As shown in Fig. 2, straggling parameter is stable at any time between carrier system, it can be steady using it in more epoch consecutive trackings
It is qualitative to obtain more redundancy observations.More epoch consecutive trackings the following steps are included:
Based on the time domain modeling model of deviation between system, the positioning of GPS and GLONASS tight integration is established using Kalman filter
State equation and observational equation shown in Filtering Model, i.e. formula (20) and formula (21):
Xk=ΦK, k-1Xk-1+wk (20)
Lk=AkXk+vk
In formula, XkAnd Xk-1Respectively indicate tkAnd tk-1The state vector at moment;ΦK, k-1Indicate tk-1Moment is to tkWhen etching system
The state-transition matrix of state;wkExpression system dynamic noise vector;LkIndicate tkThe observation vector at moment;AkFor observational equation
Coefficient matrix;vkFor observation noise vector.In GNSS data processing, system noise w is commonly assumed thatkWith observation noise vkMutually
It is uncorrelated, and the characteristic with zero-mean and white Gaussian noise, i.e.,
In formula, QwkAnd RkThe respectively variance matrix of the variance matrix of system noise and measurement noise.
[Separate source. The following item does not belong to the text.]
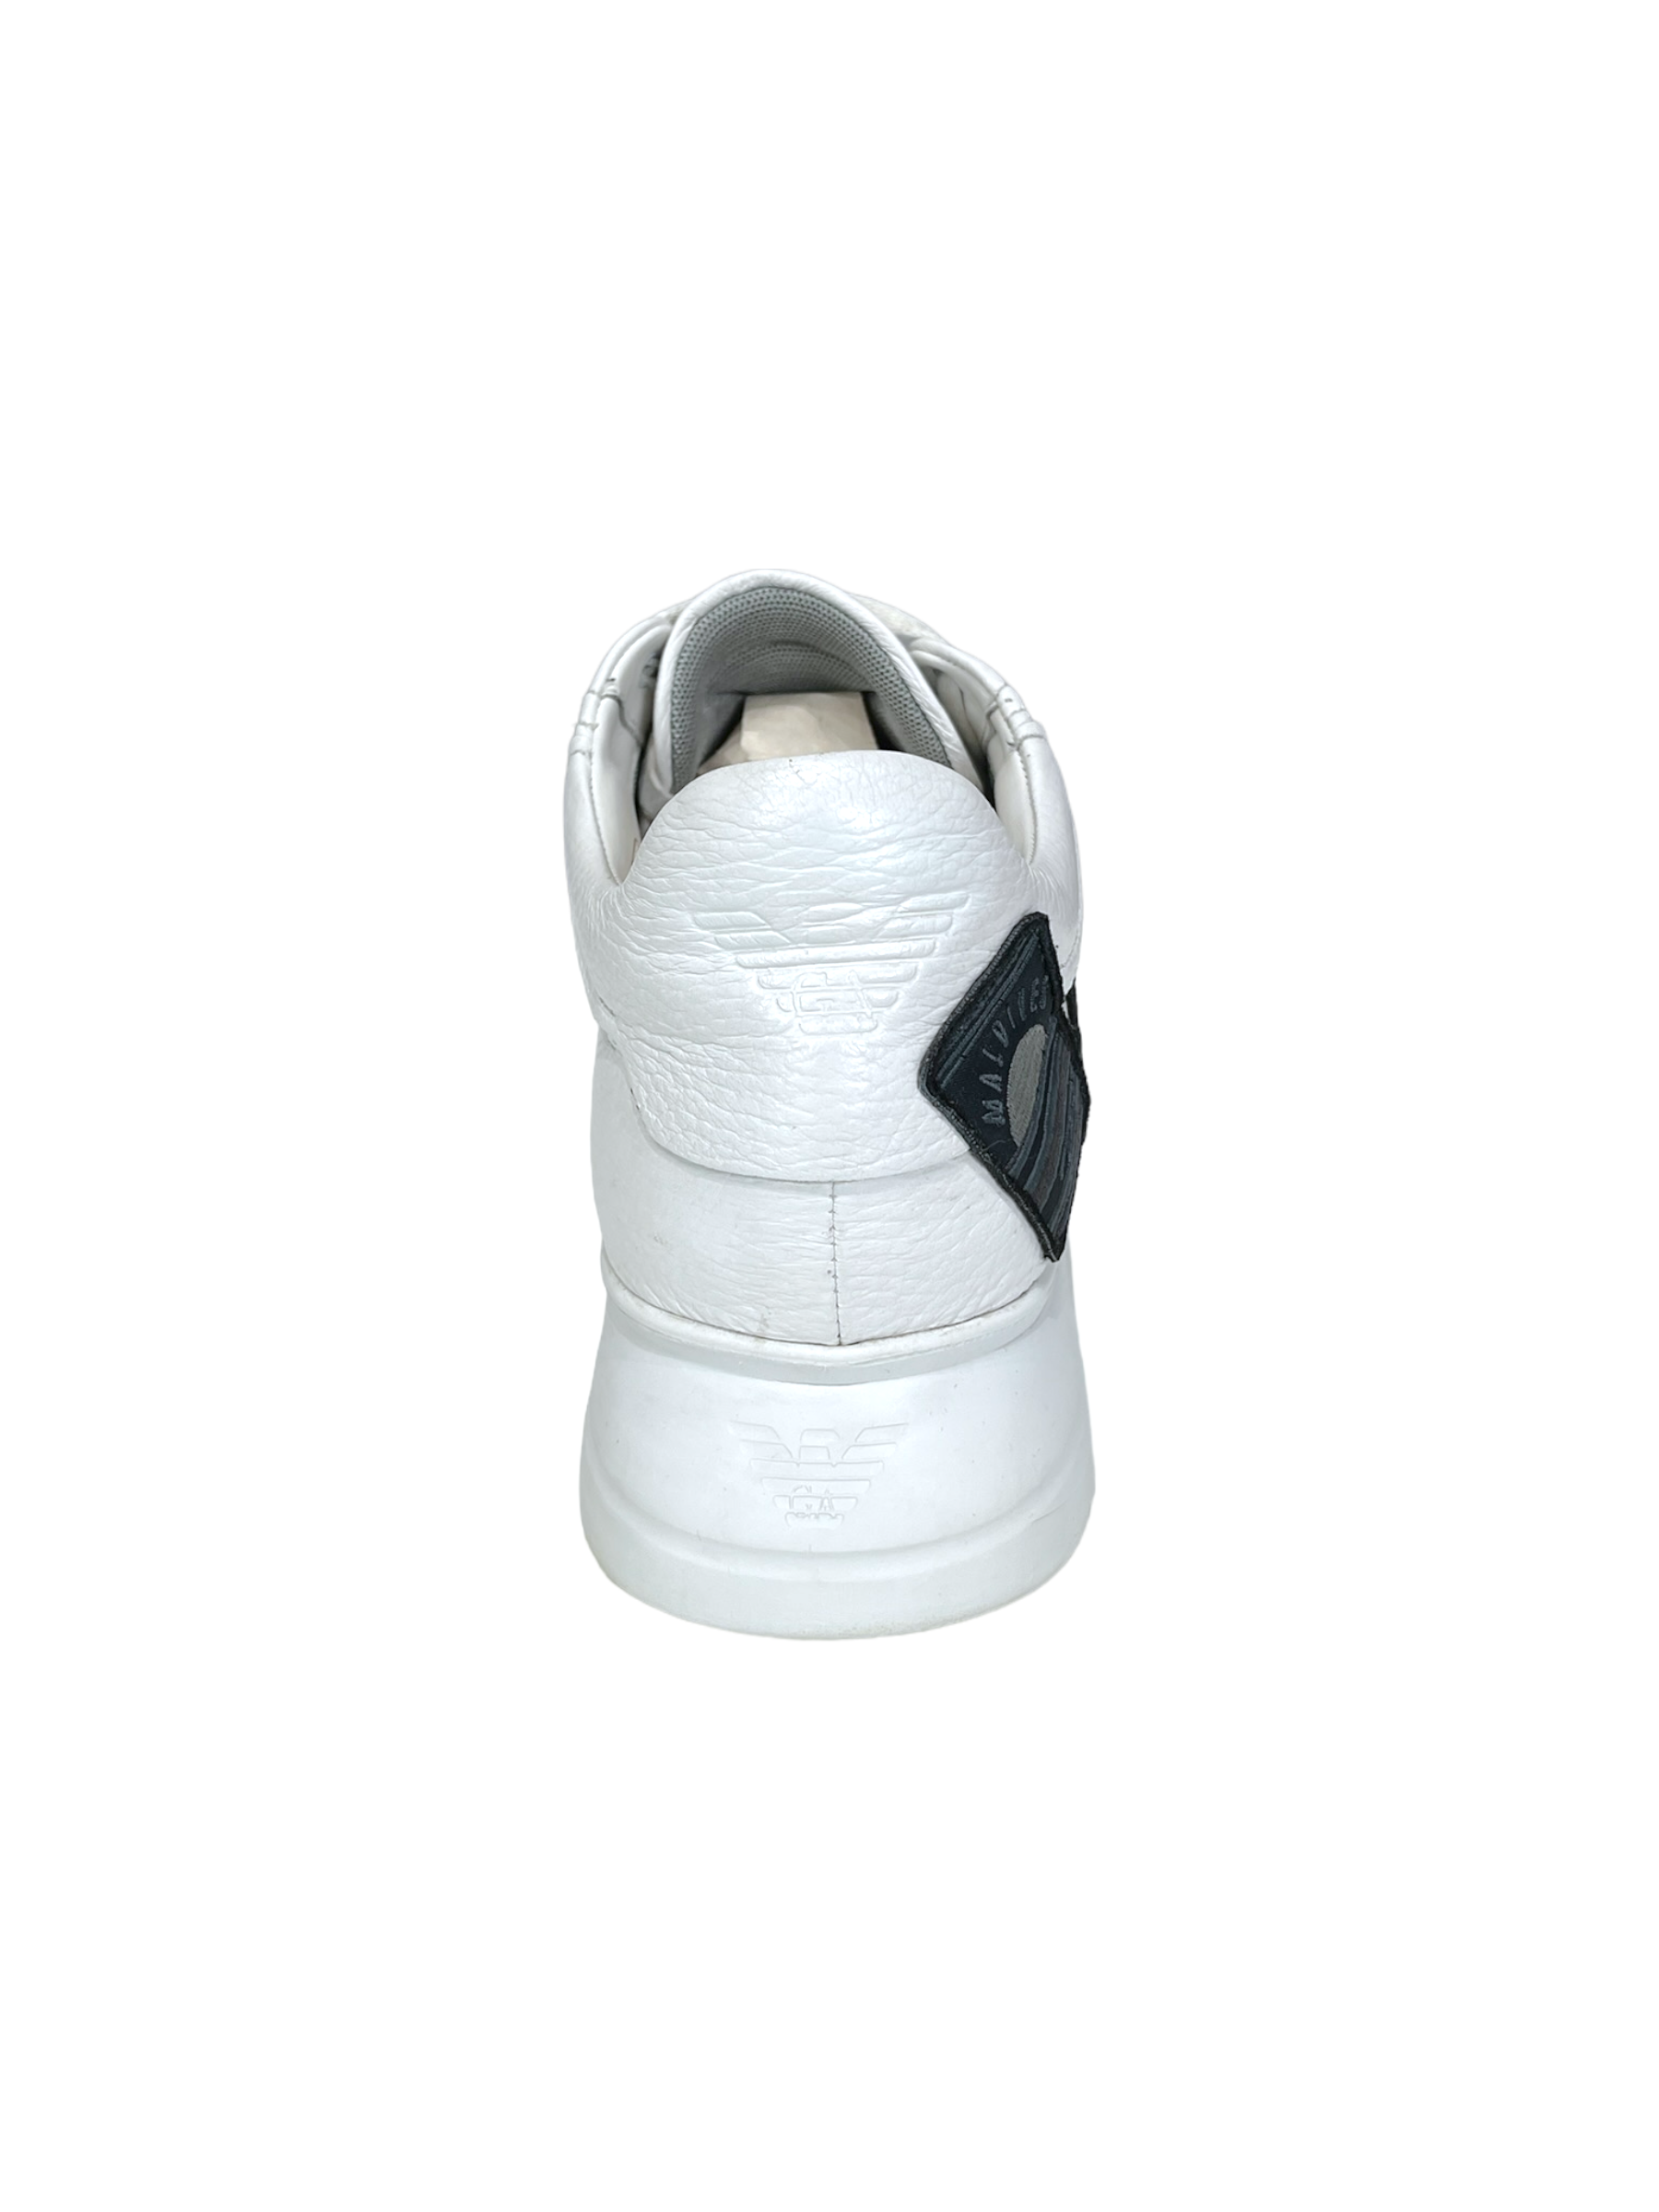 Emporio Armani White Leather Patch Casual Sneakers 6- Genuine Design Luxury Consignment Calgary, Alberta, Canada New and Pre-Owned Clothing, Shoes, Accessories.

It mainly includes updating the time to update two parts with observation that Kalman filtering, which carries out parameter Estimation, specific to calculate
Step are as follows:
(1) status predication
Utilize the initial value X of valuation or the filtering of previous momentk-1Obtain the predicted state vector X of later moment in timeK, k-1:
XK, k-1=ΦK, k-1Xk-1 (22)
Meanwhile predicted state vector X can be obtained according to law of propagation of errorsK, k-1Variance-covariance matrix QK, k-1:
(2) filtering gain is calculated
According to the observation model of the covariance information of prediction and current epoch, the gain matrix K of filtering is calculatedk:
(3) valuation updates
Utilize filtering gain matrix KkIn conjunction with the observation vector L at current timek, to Filtering Estimation XK, kIt is updated
XK, k=XK, k-1+Kk(Lk-AkXK, k-1) (25)
Variance-covariance matrix is updated simultaneously
Qk.k=(I-KkAk)QK, k-1 (26)
In subsequent time, above three step is repeated, to realize the lasting resolving to positioning result, obtains go through more
First consecutive tracking result.
Table 1
Table 1 is zero base line used and short baseline information.Using Australian Curtin University's polyphyly as shown in Figure 2 and Table 1
System GNSS zero base line and short baseline carry out experimental analysis, can be calculated between GPS-GLONASS carrier system according to above-mentioned steps 2
Deviation single epoch valuation sequence, fig. 3, it is shown that ignoring the influence of observation noise, no matter for identical receiver class
Type or different receivers type, between carrier system deviation change over time all be it is relatively stable, compared to equal within the scope of three days
Within 0.1 week, standard deviation is better than 0.01 week the amplitude of value.Fig. 4 gives when satellites in view quantity is 8, using normal
Advise positioning result comparison when pine combination model and tight integration model of the present invention, it can be seen that can significantly mention using tight integration model
High position precision is respectively increased 13.5%, 15.0% and 46.2% on tri- directions N, E, U.
The above is only some embodiments of the invention, it is noted that for the ordinary skill people of the art
For member, various improvements and modifications may be made without departing from the principle of the present invention, these improvements and modifications are also answered
It is considered as protection scope of the present invention.